In this "system-wide" mode perf stat (and perf record too) will count events on (or profile for record) all CPUs in the system. When used without additional argument of command, perf will run until interrupted by Ctrl-C. With argument of command, perf will count/profile until the command works. Typical usage is

perf stat -a sleep 10      # Profile counting every CPU for 10 seconds
perf record -a sleep 10    # Profile with cycles every CPU for 10 seconds to perf.data

For getting stats of single command use single process profiling (without -a option)

perf stat python3 test.py

For profiling (perf record) you may run without -a option; or you may use -a and later do some manual filtering in perf report, focusing only on the pids/tids/dsos of your application (This can be very useful if command to profile uses some interprocess requests to other daemons to do lot of CPU work).

--per-core, -A, -C <cpulist>, --per-socket options are only for system-wide -a mode. Try --per-thread with -p pid attach to process option.

Profiling sleep times with perf

There is a error message from your second perf command from https://perf.wiki.kernel.org/index.php/Tutorial#Profiling_sleep_times - perf inject -s

$ sudo perf inject -v -s -i ~/perf.data.raw -o ~/perf.data
build id event received for [kernel.kallsyms]: d62870685909222126e7070d2bafdf029f7ed3b6
failed to write feature 2

failed to write feature 2 doesn't look too user-friendly...

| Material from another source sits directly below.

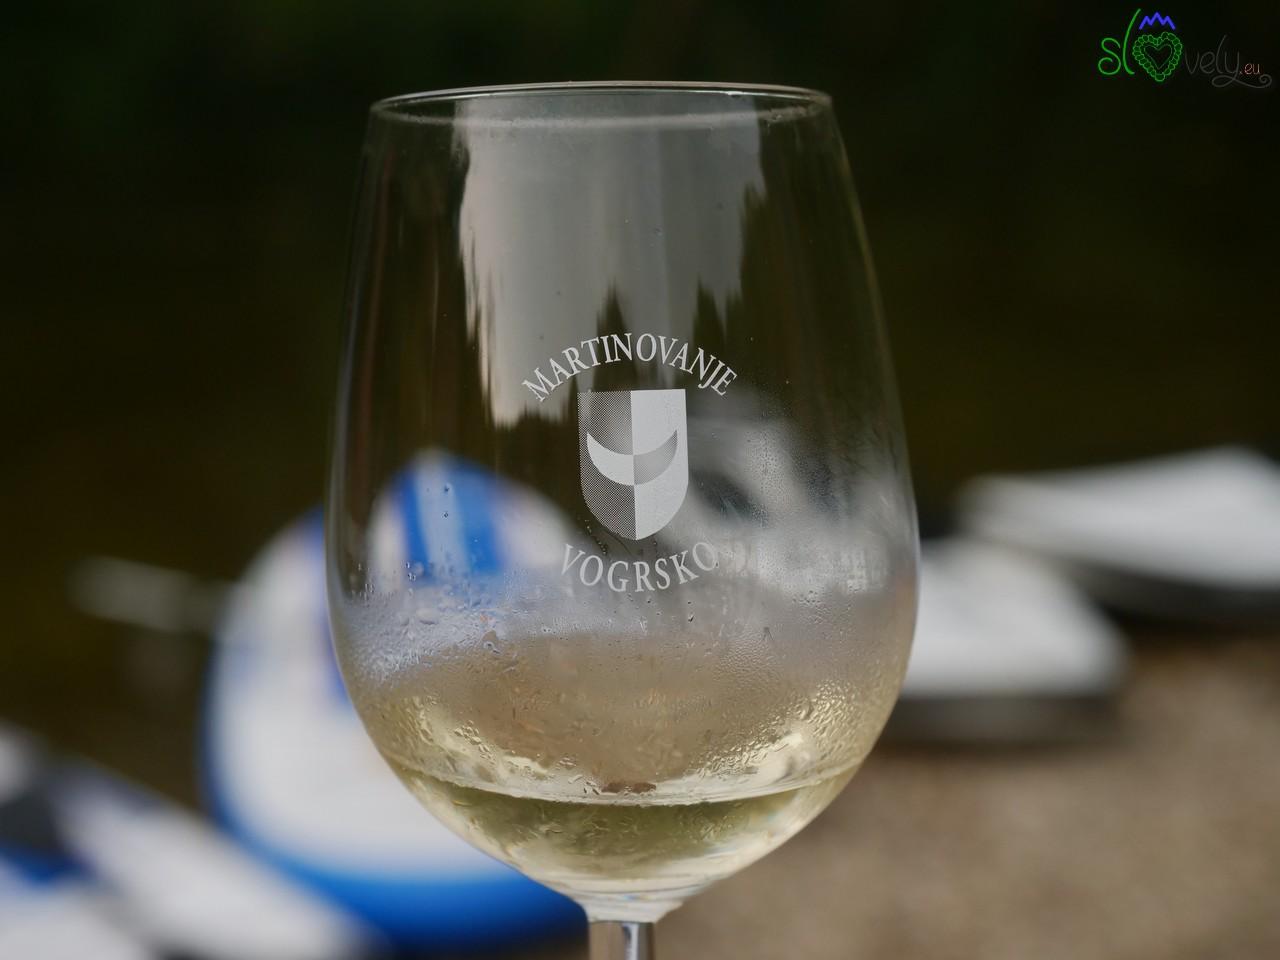 Dopo tanto sport ci vuole un buon bicchiere di vino!

... but it was added to perf to made errors more user-friendly: http://lwn.net/Articles/460520/ "perf: make perf.data more self-descriptive (v5)" by Stephane Eranian , 22 Sep 2011:

+static int do_write_feat(int fd, struct perf_header *h, int type,  ....
+           pr_debug("failed to write feature %d\n", type);

All features are listed here http://lxr.free-electrons.com/source/tools/perf/util/header.h#L13

 15         HEADER_TRACING_DATA     = 1,
 16         HEADER_BUILD_ID,

So, it sounds like perf inject was not able to write information about build ids (error from function write_build_id() from util/header.c) if I'm not wrong. There are two cases which can lead to error: unsuccessful call to perf_session__read_build_ids() or failing in writing buildid table dsos__write_buildid_table (this is not our case because there is no "failed to write buildid table" error message; check write_build_id)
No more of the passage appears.